ENTRIES SUPPLIED:

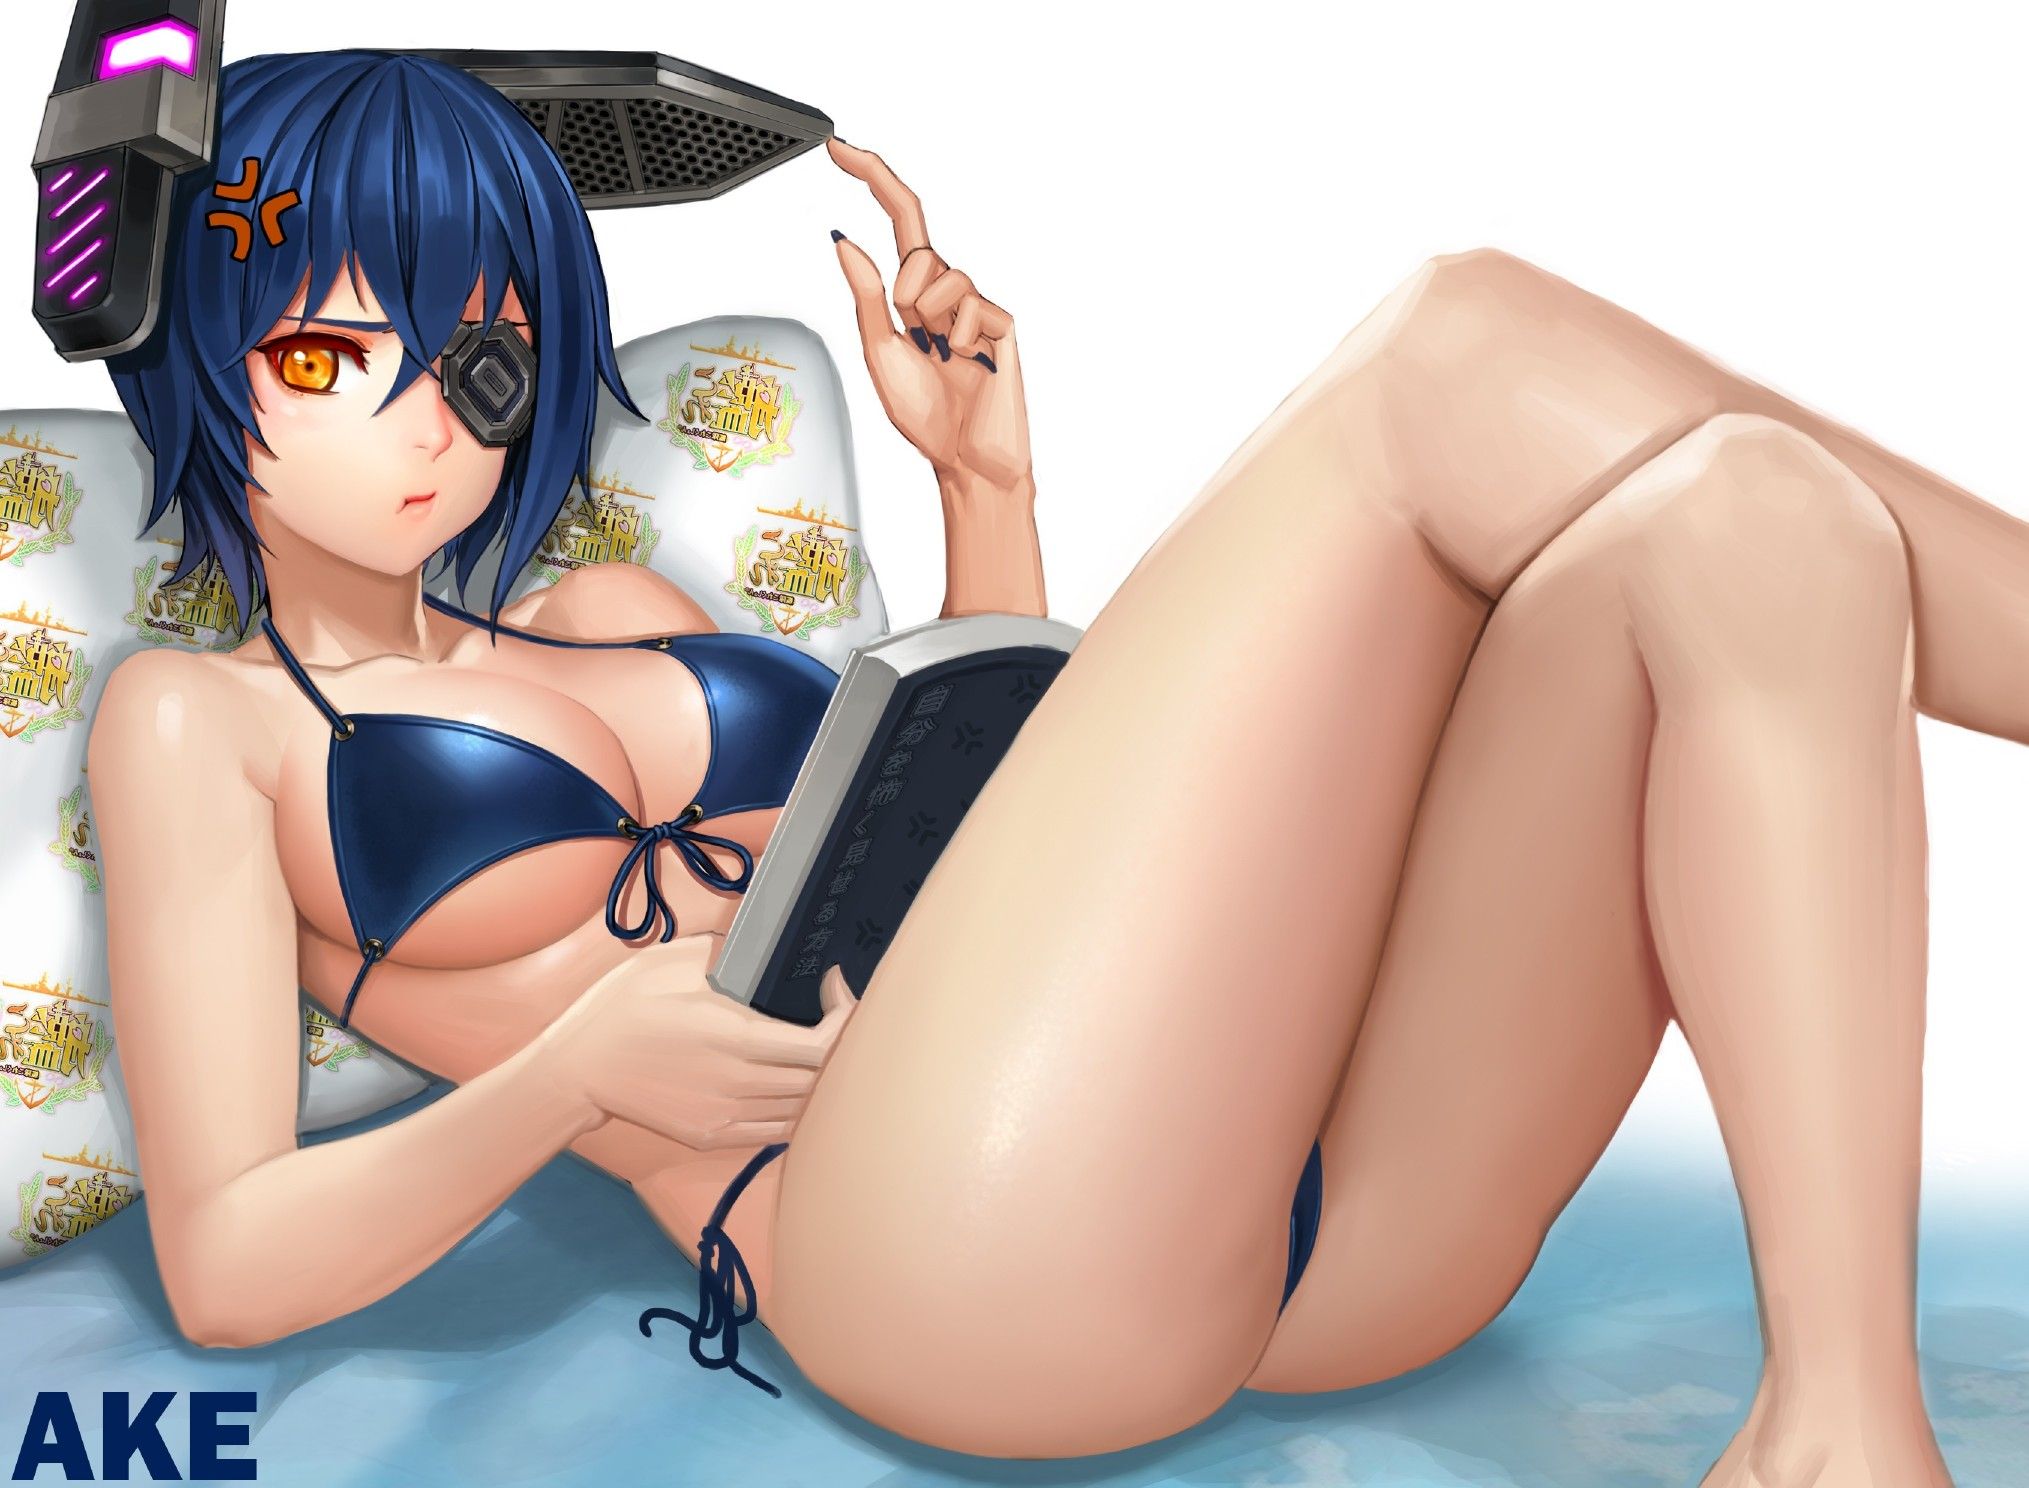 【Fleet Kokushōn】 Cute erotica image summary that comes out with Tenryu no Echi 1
==
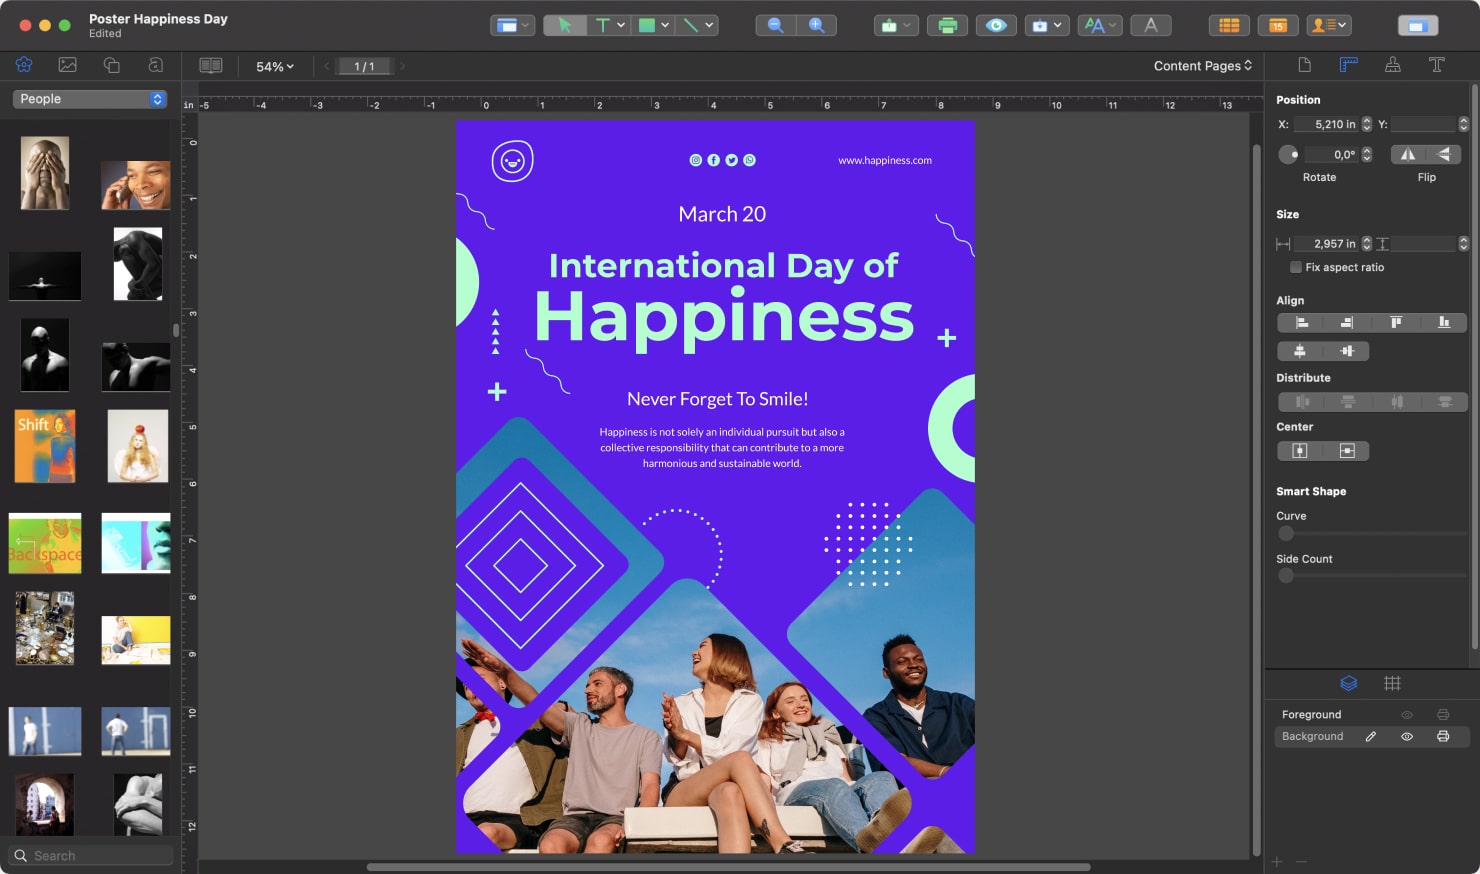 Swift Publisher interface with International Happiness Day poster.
==
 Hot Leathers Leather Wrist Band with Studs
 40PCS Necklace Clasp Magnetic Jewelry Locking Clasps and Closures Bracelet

ABOUT THIS EXERCISE: Your answer should consist only of the lines above between the line holding "Hot Leathers Leather Wrist Band with Studs" and the line holding "40PCS Necklace Clasp", inclusive, each transcribed exactly.

ANSWER BOX:
 Hot Leathers Leather Wrist Band with Studs
 40PCS Necklace Clasp Magnetic Jewelry Locking Clasps and Closures Bracelet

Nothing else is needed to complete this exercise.